What does a bench-scorer's perfect game look like? Ask a handful of shooters and you might get a handful of different answers—a perfect shooting percentage, a scoring burst in the fourth quarter, an efficient 35 points, a game-winning shot, etc. Perhaps the truest version of scorer's paradise looks like what Jasmine Carson experienced yesterday: play heavy first-half minutes in a championship game because everyone else got in foul trouble, score 21 points by shooting 7-of-7 from the floor, singlehandedly build your team a 17-point halftime lead, take the rest of the night off.
Carson, a graduate transfer who previously played at Georgia Tech and then West Virginia, was probably not very high on Iowa's pregame list of things to worry about. She had been a relatively solid bench piece for LSU throughout the season, scoring just under nine points per game and shooting 34 percent from three, but she'd been more or less invisible during the tournament. The 22 points she scored in 22 minutes in Sunday's championship game were the most she'd scored since a 25-point outburst against Florida back in February, and she had scored a total of 11 points in the previous five tournament games. She played a combined 23 minutes in LSU's Elite Eight and Final Four victories, taking three shots and scoring zero points across both games. If Iowa had to bet on one player not hurting them on Sunday, they might have picked Carson.

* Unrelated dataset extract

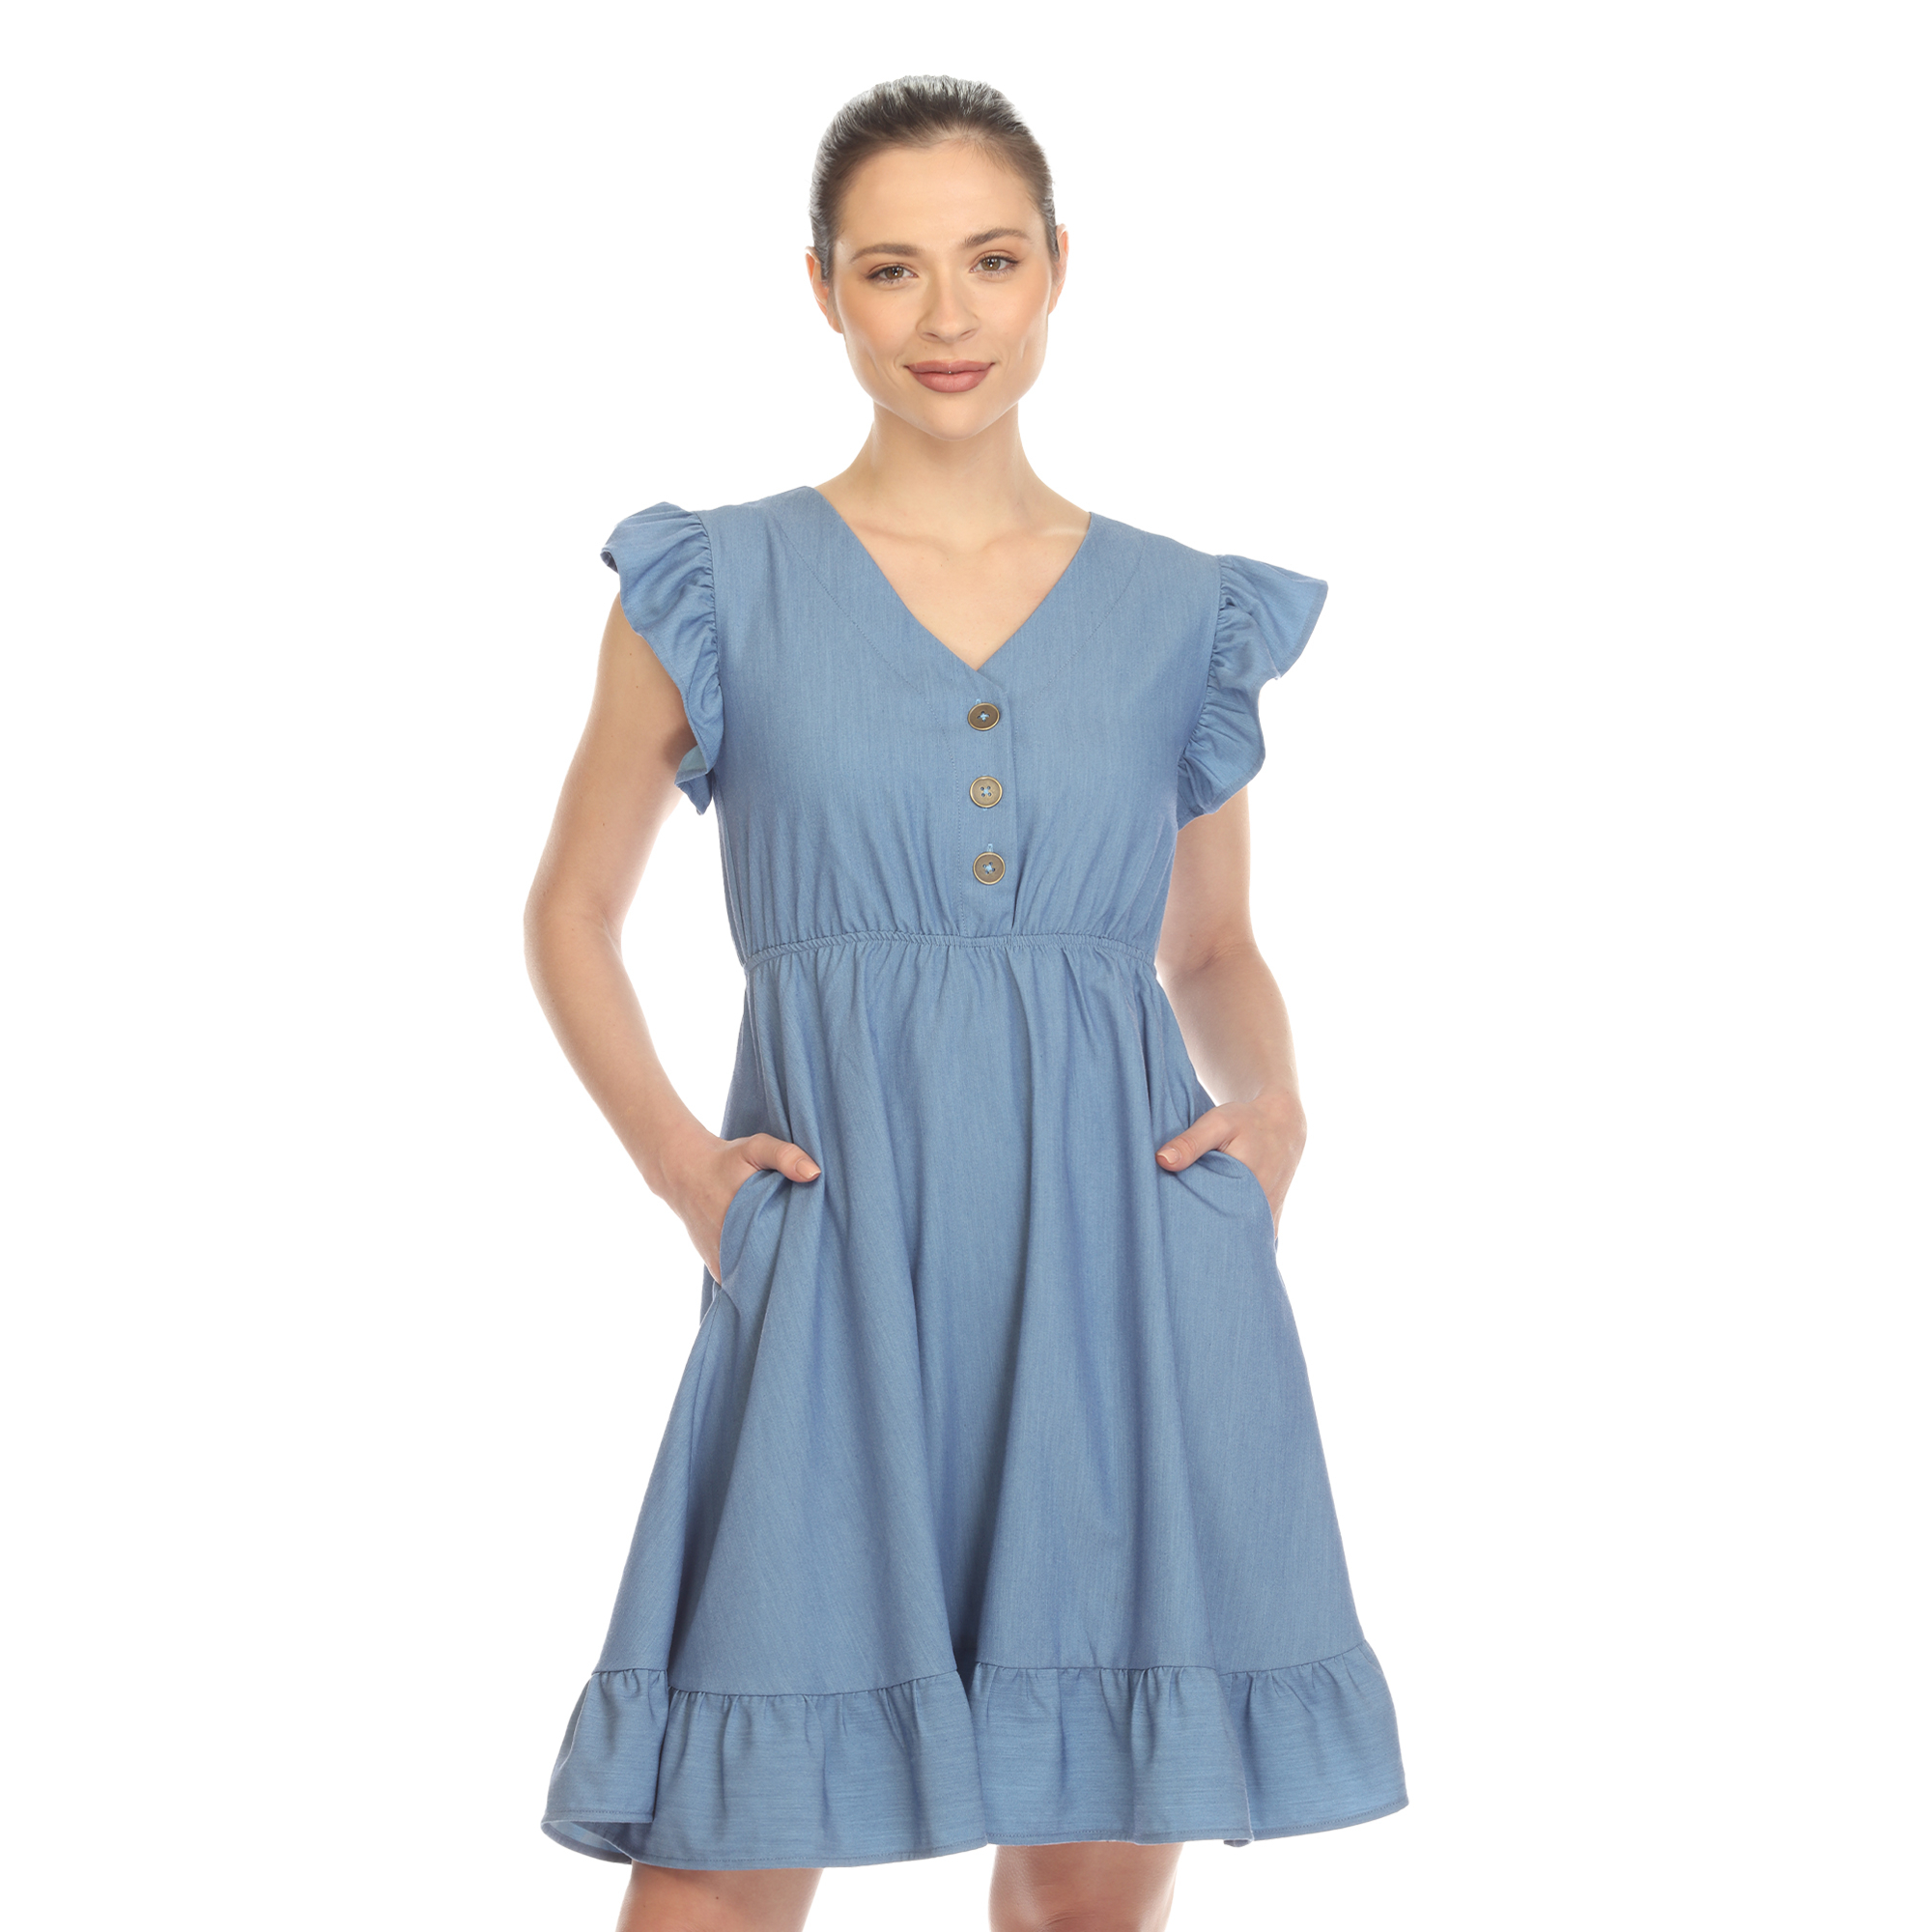 White Mark Women's Ruffle Sleeve Empire Waist V-Neck Babydoll Dress - Blue, Small

The thing about sports is that they have a wicked sense of irony, and Carson's first-half blitz will probably leave a few Iowa players and coaches wondering if they'd done something in a previous life worthy of punishment. The thing is, Iowa had just gotten past a juggernaut South Carolina team that abhorred outside shooting, feasted on the glass, and was powered by a dynamic big and a skittery point guard. All of those descriptors fit LSU, too. This is a team that was 334th in the country in percentage of points scored from three-pointers, (according to Her Hoop Stats), and took less than 20 percent of its shots from outside the arc. The plan that had worked so well against South Carolina—stay home on the bigs, pack the paint, rudely ignore anyone even thinking about taking a three—could also have been expected to work against LSU. Maybe it would have, had it not been for the parade of early whistles that forced LSU to rely on its bench for most of the first half. Carson was out on the floor first by necessity, but stayed there by force.
It's funny to watch how the Iowa defenders' attitudes towards Carson evolved over the course of the first half. Her first shot, a long three from the top of the key, elicited nothing more than a half-hearted closeout from Caitlin Clark, who must have felt the defense was working as intended if LSU was settling for shots like that. By the time Carson took her last shot of the half, a wild buzzer-beater that banked its way into the hoop, she had two defenders trying to chase her off the line. This is what it looks like when a plan, and a set of expectations, fall apart in real time.
If there's anyone in the world who wasn't surprised by Carson and LSU's shooting performance, they probably wear an LSU uniform. After the game, it became clear that LSU had not only taken particular notice of how Iowa had defended South Carolina, but had gone into the game eager to punish the Hawkeyes if they deployed a similar defensive scheme. Alexis Morris said as much in her postgame comments, and Angel Reese went so far as to say that her now famous taunt of Clark in the game's dying moments was a direct response to the way Clark had waved off a South Carolina shooter in the Final Four.
"I don't take disrespect lightly," Reese said. "And she disrespected Alexis, and my girls, South Carolina they still my SEC girls, too, y'all not going to disrespect them either."
Carson wasn't quite as pointed when explaining what motivated her to fire away. "We watched film on how they were playing South Carolina, and I had an idea that they were probably going to try to sag off us in the beginning," she said. "So as a shooter, when somebody sags off you, that's the green light. That's what we capitalized off tonight."
Some players, like Reese, thrive based on their ability to sprout various slights out of arid conditions—You will not vicariously disrespect me by disrespecting someone who plays for a whole different team—and then carefully nurture those slights, like a bonsai tree of motivational spite. Players like Carson, though, tend to tap into something more basic. Catch. See the space. Green light. Shoot. Repeat. Do that enough times in 22 minutes, and you can end up a legend without even having to touch the ball in the second half.